[CAUT] Flight of the Broken Bass Sting? (was:: Adams 1/4 tone sharppiano)

David Love davidlovepianos at comcast.net
Fri Mar 24 23:32:54 MST 2006


Yes.  I had a string fly rearward out of a Boesendorfer Imperial and put a
small hole in the wall about six feet behind the piano.  Since then I
discourage little kids from peering over the back of the rim while I tune.  

 

David Love
davidlovepianos at comcast.net 

-----Original Message-----
From: caut-bounces at ptg.org [mailto:caut-bounces at ptg.org] On Behalf Of Jeff
Olson
Sent: Friday, March 24, 2006 10:02 PM
To: College and University Technicians
Subject: [CAUT] Flight of the Broken Bass Sting? (was:: Adams 1/4 tone
sharppiano)

 

I've broken a lot of grand piano bass strings -- always the string and/or
piano's fault, I assure you! -- and must confess to never having observed
them flying free of the piano.  I remember one snapping back in my general
direction once when the hitch loop snapped, but it never quite made it to my
face, strinking (I think) the top of the partly opened lid before that.

 

On the theory that confession's good for the soul, I suppose I should also
admit that I have trouble visualizing a bass string flying free in the
manner that seems to hold such terror on this list.  Seems like there's a
fair number of obstacles to doing that, and I'm not sure that a bass string
possesses the kind of mass/elastic energy -- or whatever physics/technical
term applies -- to achieve such flight in any case.

 

But as someone who humbly bows before simple empirical fact, at least when
one slaps me in the face, I would certainly defer to those who've personally
witnessed a bass string take majestic flight from a grand piano.  Any chance
someone here might describe such an event?  (I've got an old grand I'm
seriously considering popping some strings on for experimental purposes.)

 

Best,

 

Jeff

----- Original Message ----- 

From: Andrew <mailto:andrew at andersonmusic.com>  Anderson 

To: College and University <mailto:caut at ptg.org>  Technicians 

Sent: Friday, March 24, 2006 3:21 PM

Subject: Re: [CAUT] Adams 1/4 tone sharp piano

 

Jeff,
I was thinking that if I got stuck with one of these jobs I'd run truck
straps over the piano to restrain any flying strings and than seriously
suggest leaving them there. ;-)

Andrew Anderson

At 11:23 AM 3/24/2006, you wrote:




On Mar 24, 2006, at 11:10 AM, Wolfley, Eric ((wolfleel)) wrote:




Alan, in answer to your question about how sharp I would tune I would say 50
cents!

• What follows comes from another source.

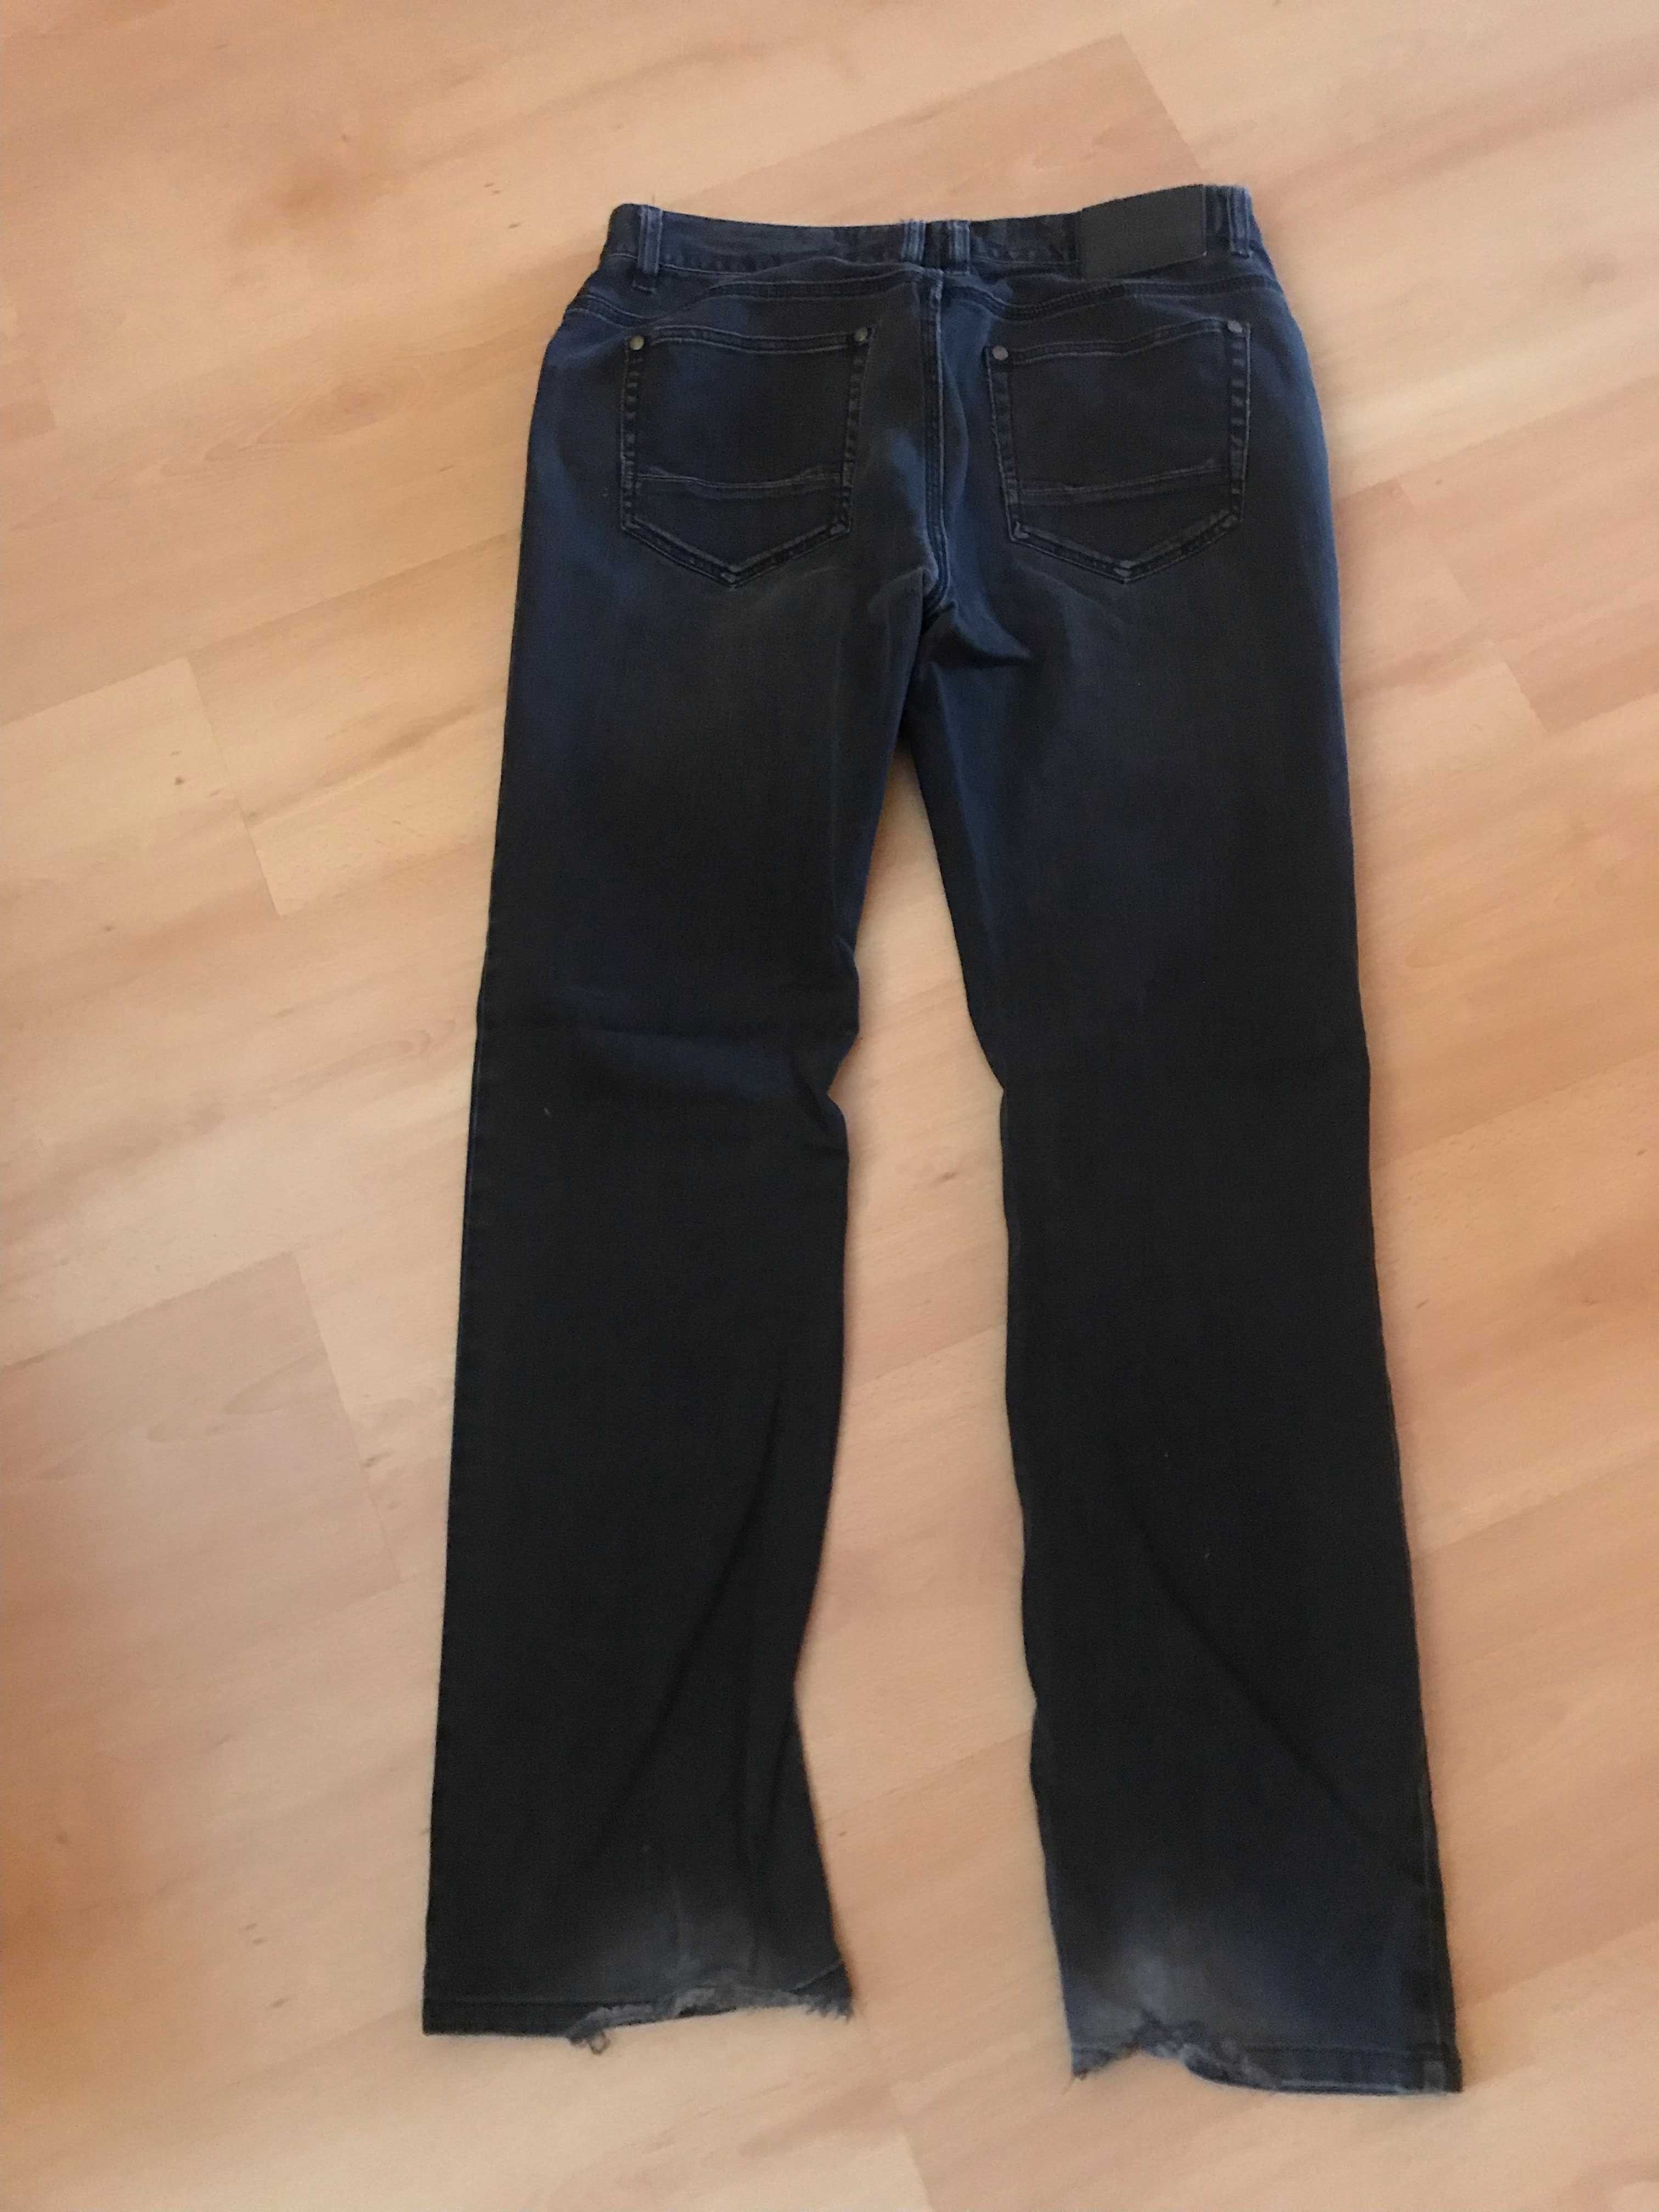 Spodnie jeansowe czarne, Southern, W31, L32, straight fit

It wouldn't make any sense to de-tune more...a semitone is just a
transposition. Any less or more than a quarter-tone (sharp or flat) would
diminish the effect.



Ok, here's a suggestion that sounds like a dumb southerner might suggest,
that should reduce risk of all this.

How about LOWERING the pitch 50 cents and transposing 1/2 step sharp?